How to complete this task: Please transcribe the data that follows exactly as given, leaving out every picture.

Dataset section:
○ ○ ○ ○
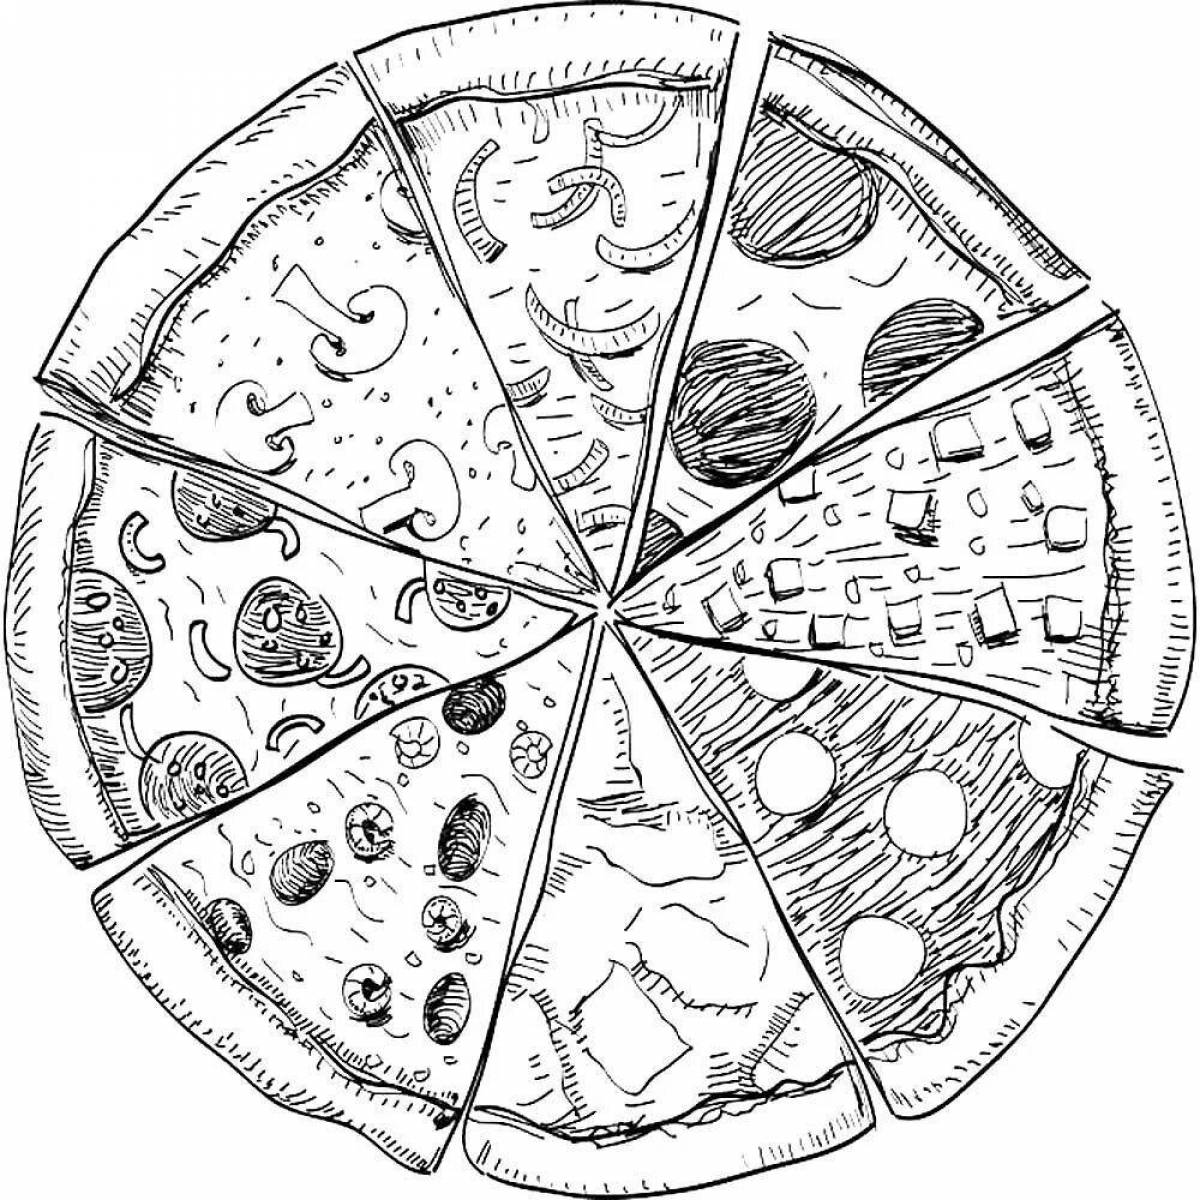 Seductive pizza coloring page
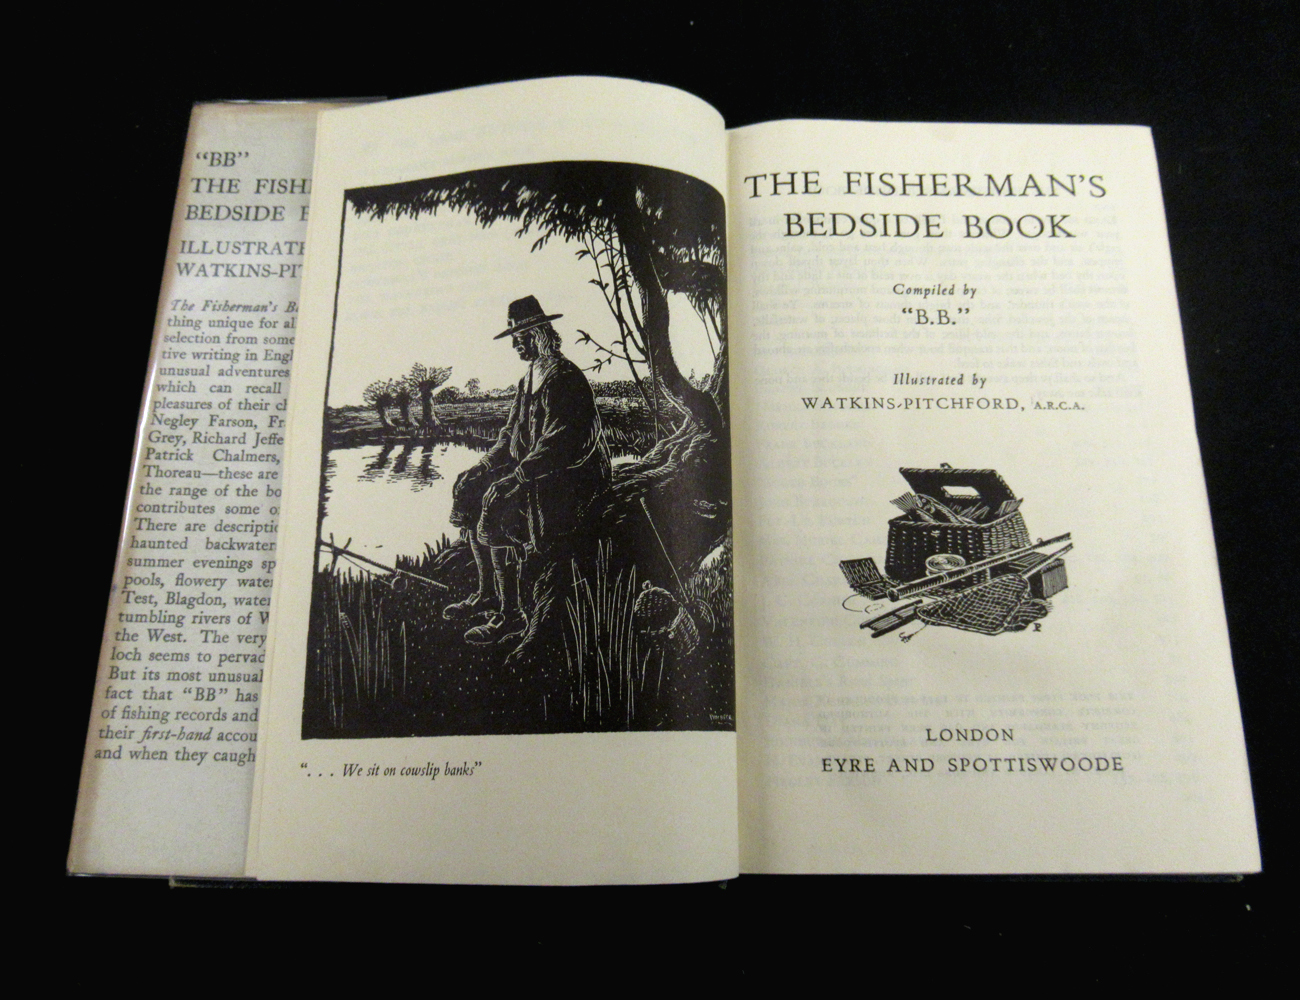 D J WATKINS PITCHFORD "BB": THE FISHERMAN'S BEDSIDE BOOK, London, Eyre & Spottiswoode, 1945, 1st - Image 2 of 2
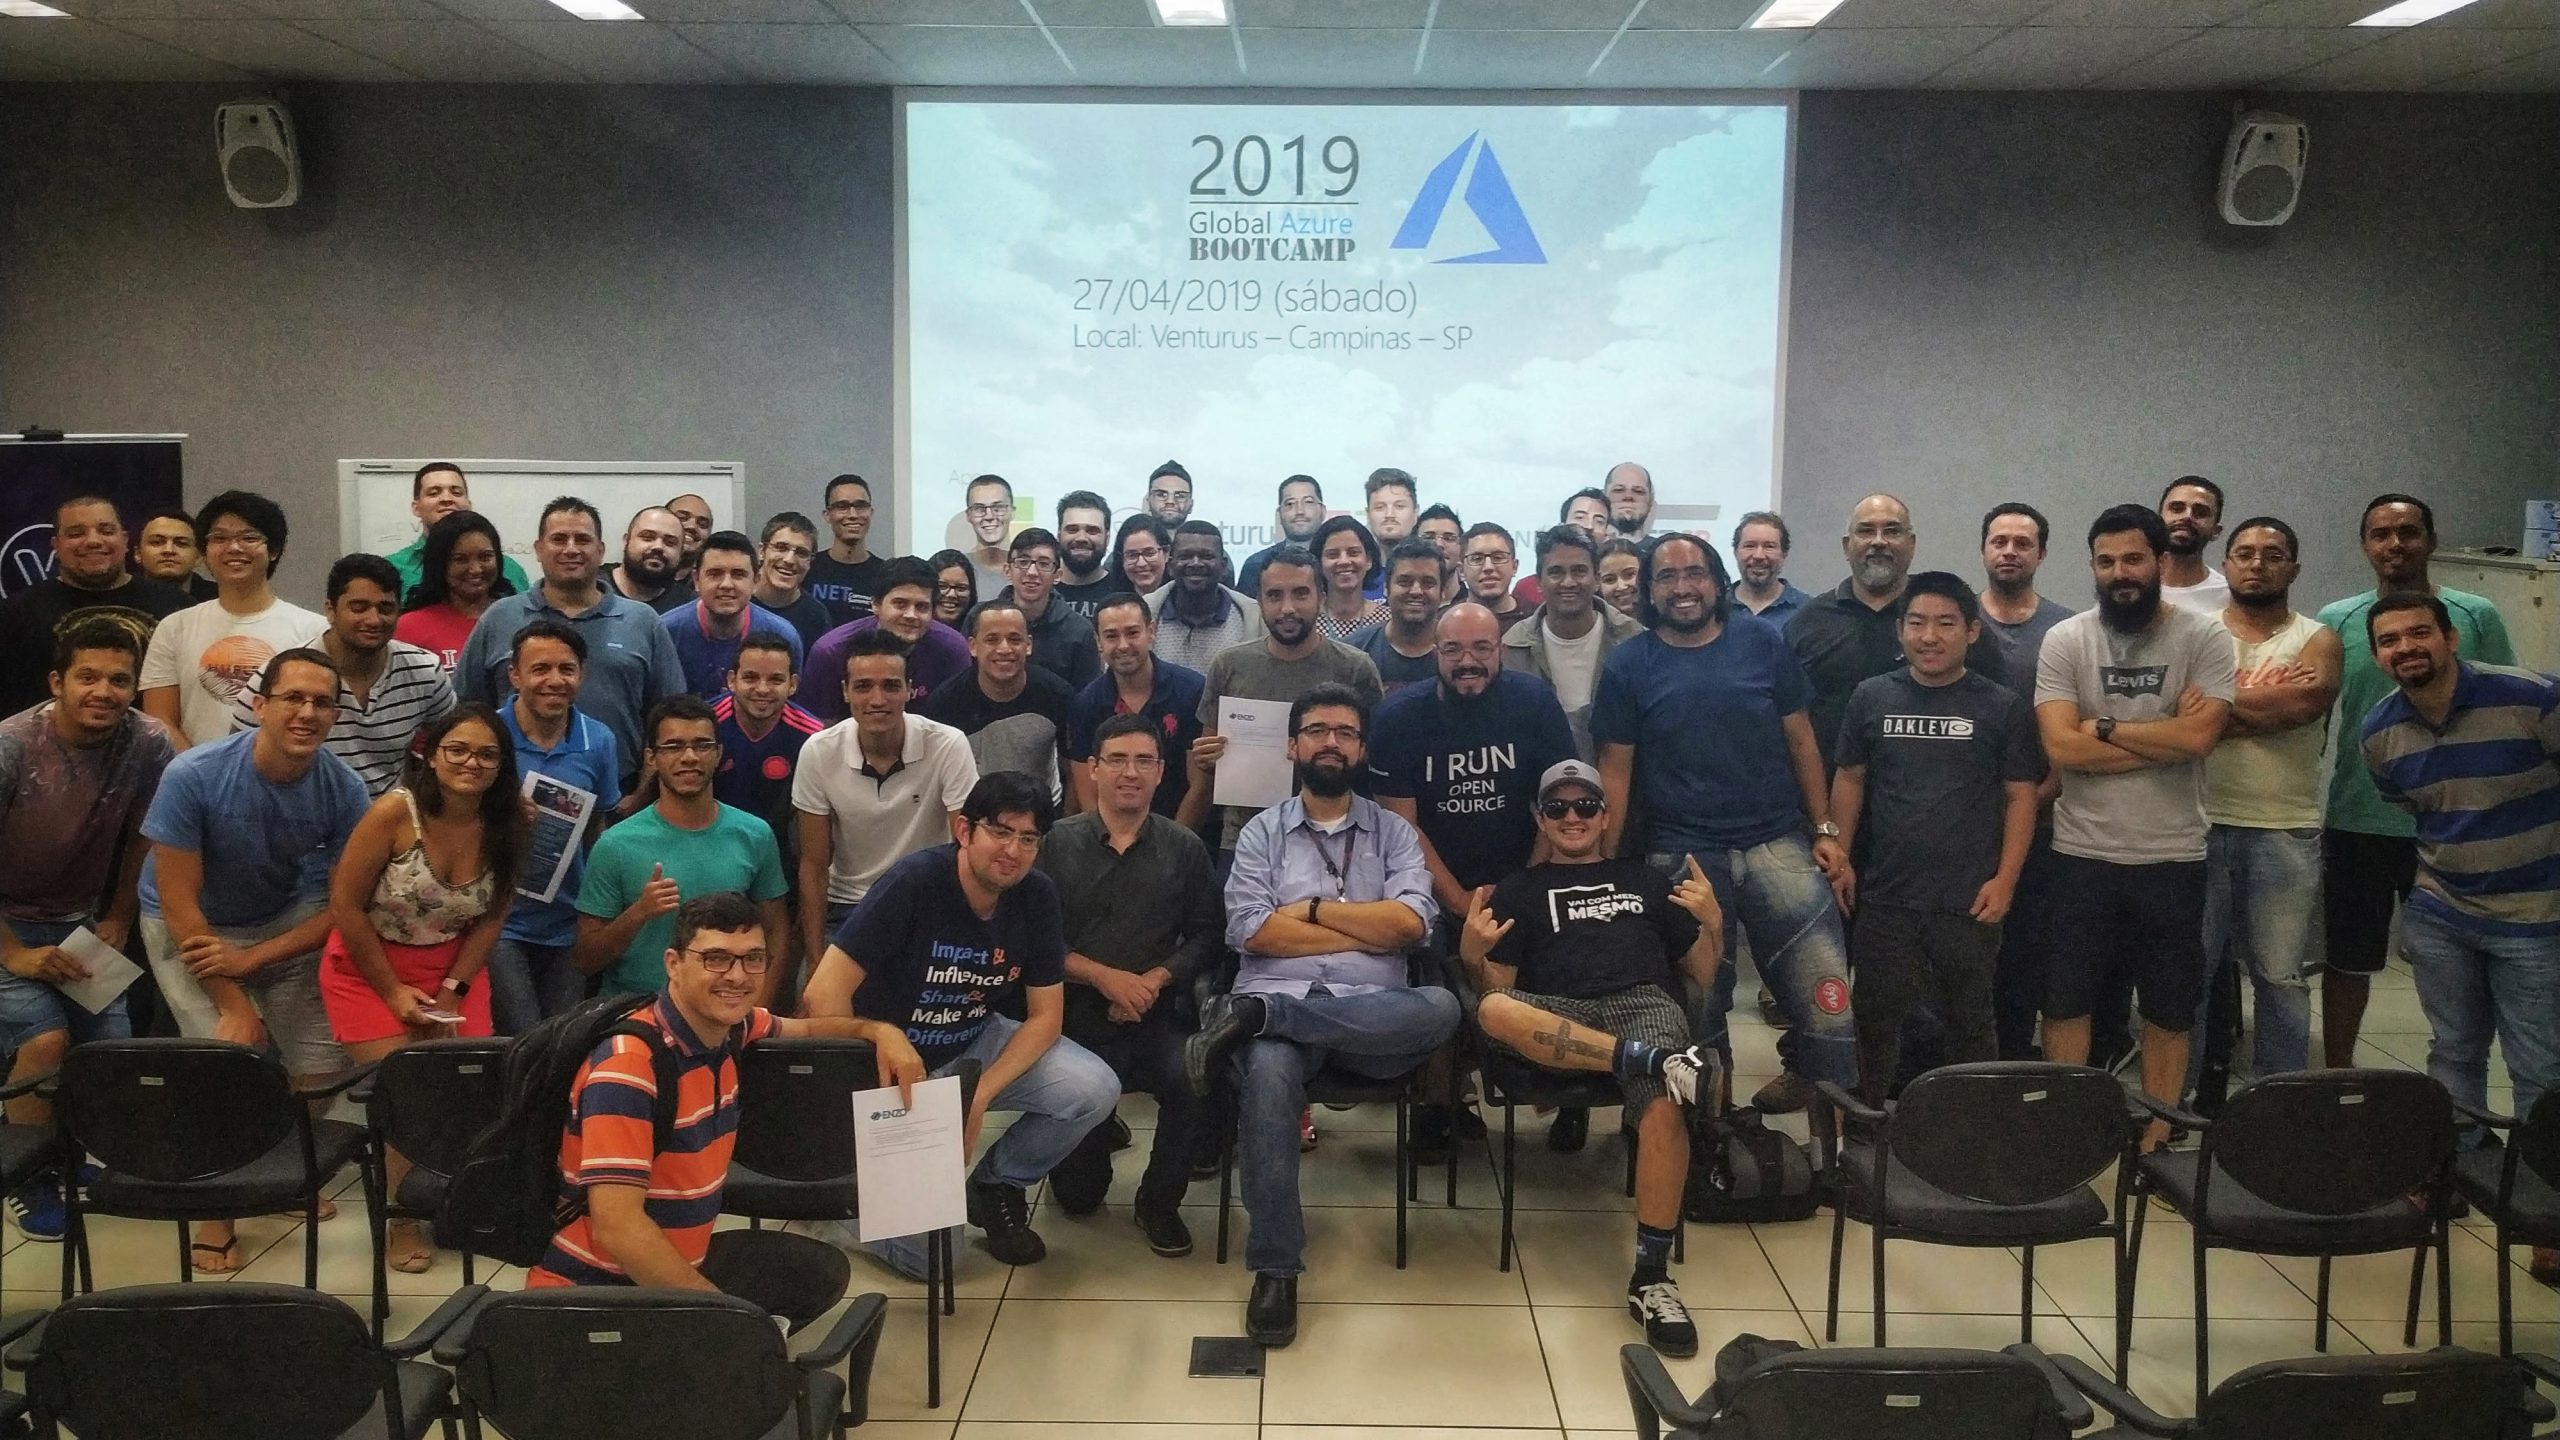 Global Azure Bootcamp 2019 – Campinas
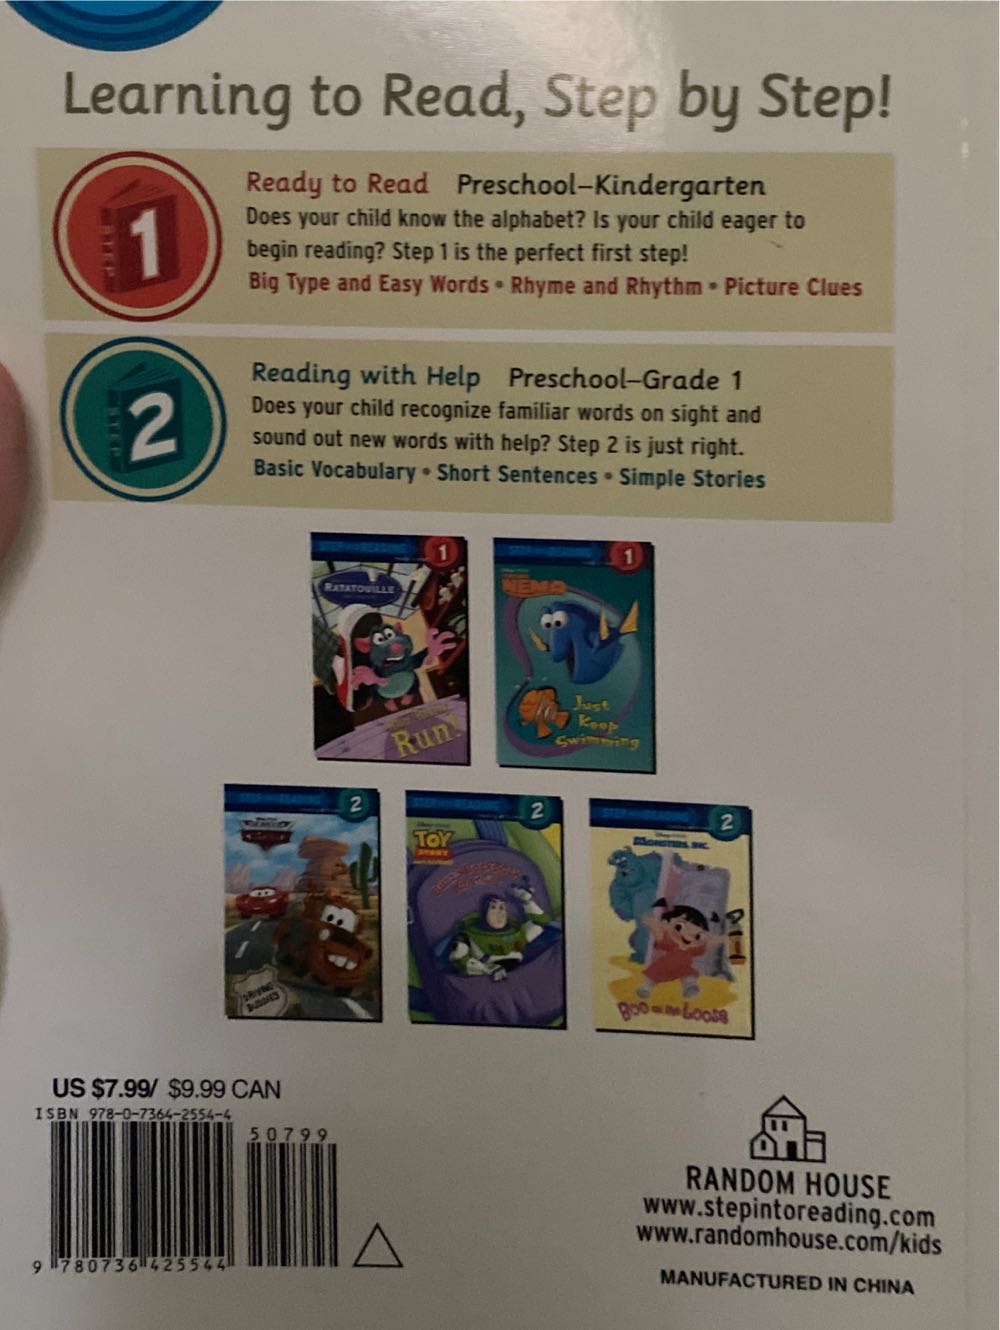 Disney/Pixar Story Collection (Step into Reading) - RH Disney (RH/Disney - Paperback) book collectible [Barcode 9780736425544] - Main Image 2
○ ○ ○ ○
Expected output:
 Seductive pizza coloring page
 D J WATKINS PITCHFORD "BB": THE FISHERMAN'S BEDSIDE BOOK, London, Eyre & Spottiswoode, 1945, 1st - Image 2 of 2
 Global Azure Bootcamp 2019 – Campinas
 Disney/Pixar Story Collection (Step into Reading) - RH Disney (RH/Disney - Paperback) book collectible [Barcode 9780736425544] - Main Image 2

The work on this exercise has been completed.